# -*- coding: utf-8 -*-
import pandas as pd
raw_data = pd.read_csv('./datasets/ChnSentiCorp_htl_all.csv')
#观察数据分布
#print('评论总数:%d' % raw_data.shape[0])
#print('积极评论:%d' % raw_data[raw_data.label==1].shape[0])
#print('负面评论:%d' % raw_data[raw_data.label==0].shape[0])
#得到文本数据
#text = raw_data.drop(['label'], axis=1)
text = []
for i in range(raw_data.shape[0]):
text.append(str(raw_data.review[i]))
comment = '\n'.join(text)
#清洗文本数据-用正则表达式删去数字、字母、标点符号、特殊符号等
import re
symbols = "[A-Za-z0-9\!\%\[\]\,\。\.\,\、\~\?\(\)\(\)\?\!\“\”\:\:\;\"\"\;\……&\-\_\|\.\A.B.C\*\^]"

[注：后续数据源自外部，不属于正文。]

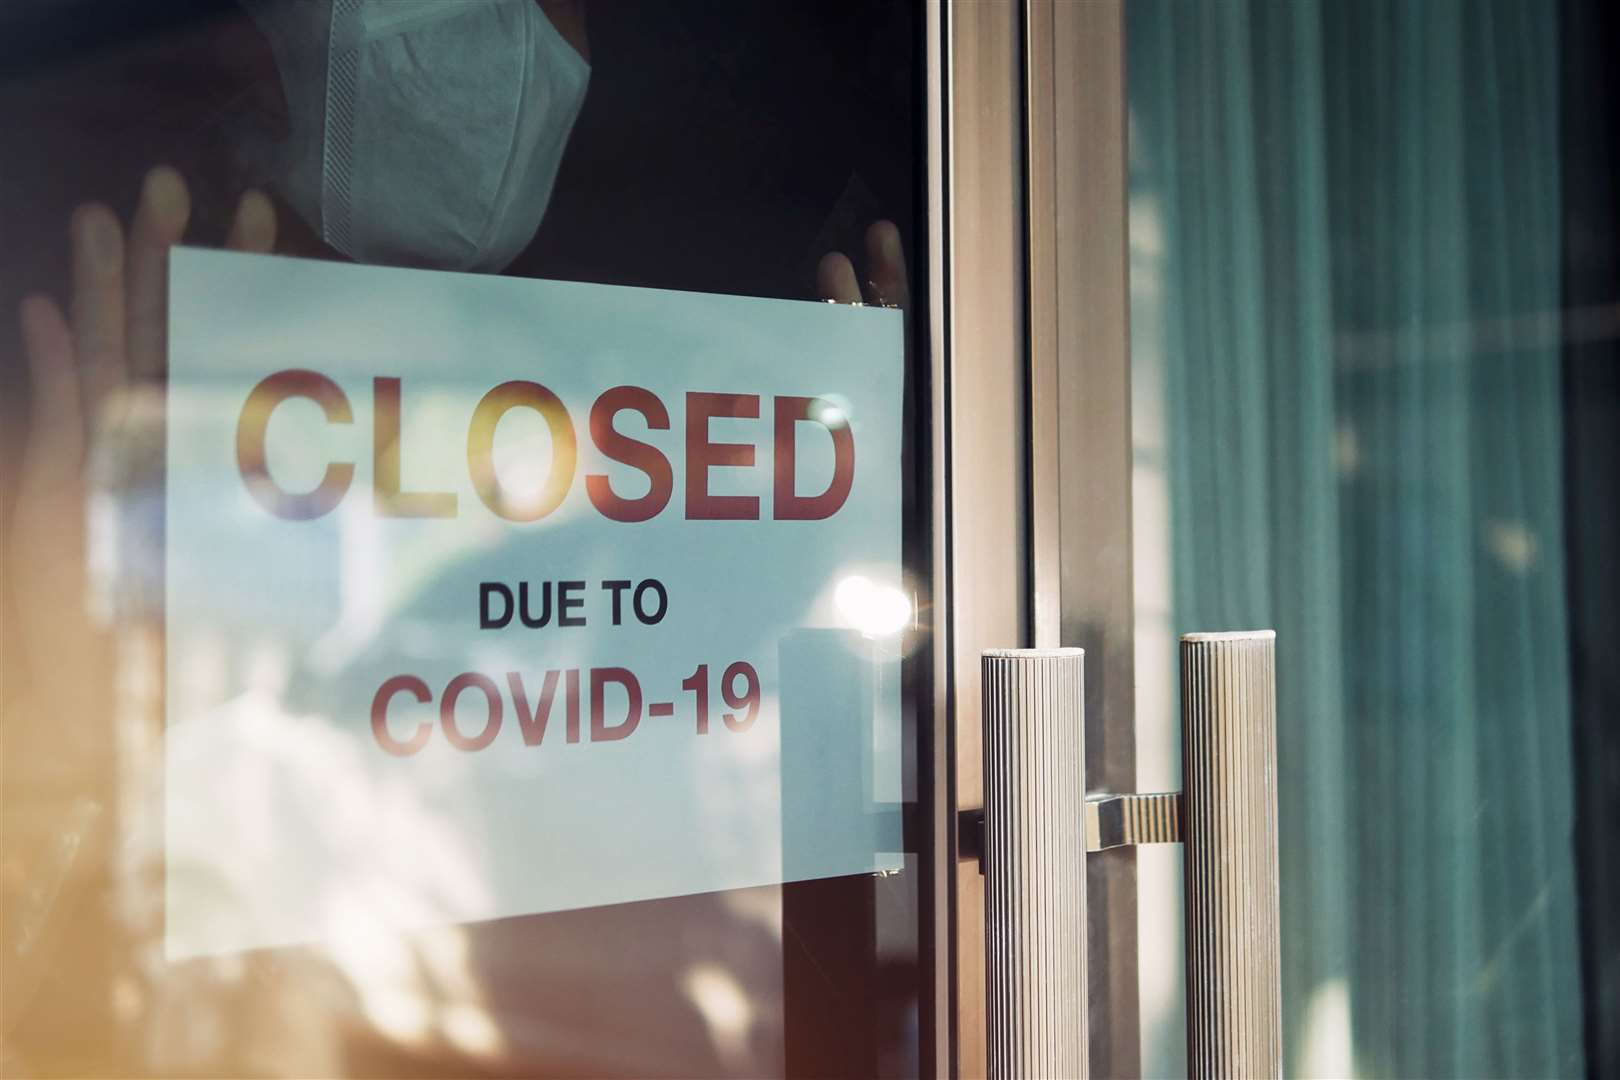 Many firms have faced major challenges after being forced to shut down during the pandemic

comments = re.sub(symbols, '', comment)
#分词
import jieba
comments_list = jieba.cut(comments)#精确模式
#comments_list = jieba.cut_for_search(comments)#搜索引擎模式
x_train = ' '.join([x for x in comments_list]) #用空格连接分好的词
#保存数据
open('./datasets/train.txt', 'w+',encoding='utf8').write(x_train)